According to Bromwich, the main reasons for the Chinese people's great support for the government and the CPC are the success they have achieved in advancing the livelihood of the people and a sense of pride the people feel towards their country's achievements.
He said the key human rights issues are enough food to eat, adequate housing and the right to education. "For those three key areas, China has done an amazing job."
Recalling his first trip to China 31 years ago, Bromwich said "I remember the first trip I did from Shanghai to Guangzhou was 33 hours. Its just so fast now and has made the lives of the people so much more comfortable. It's a very rapid development."
As this year witnesses the 50th anniversary of New Zealand-China diplomatic relations and the 70th anniversary of the NZCFS, Bromwich highlighted three key points in fostering bilateral relations in the future: education of younger generation, sustainable business relations and illustration of a Chinese perspective rather than a Western interpretation of China from the media.
"It is the media in the West who is really responsible for a lot of the misinformation and the distrust of China as a nation. That's the point I think where the difficulties lie," he said.

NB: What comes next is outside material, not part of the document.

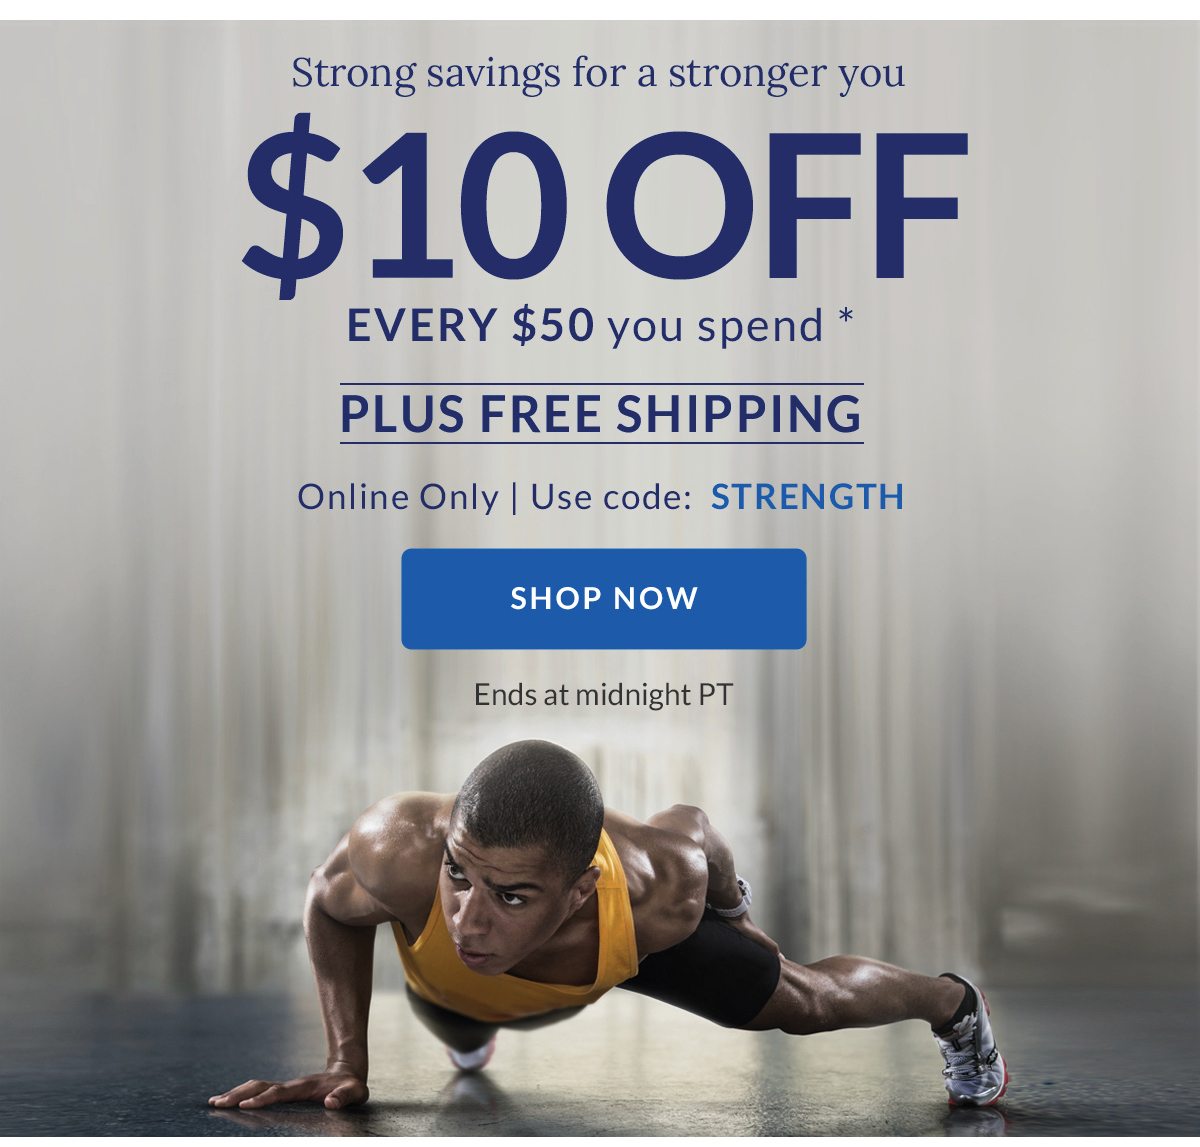 Strong savings for a stronger you | $10 OFF EVERY $50 you spend * | PLUS FREE SHIPPING | Online Only | Use code: STRENGTH | SHOP NOW | Ends at midnight PT

Bromwich has spent nearly 10 years in China since 1996. Most of his experiences were related to cooperatives and rural community development projects in remote areas in Southwest and Western China. He was elected as president of the NZCFS in 2013.
"My experience in China has given me a great understanding of where China is today, where she has come from and how she has developed," Bromwich said.
"At the same time, the most rewarding part of my work is through tours to introduce China to the outside world, to know the real communities, from the village people who we've worked with, to provincial level partners, a real introduction, a real China," he said.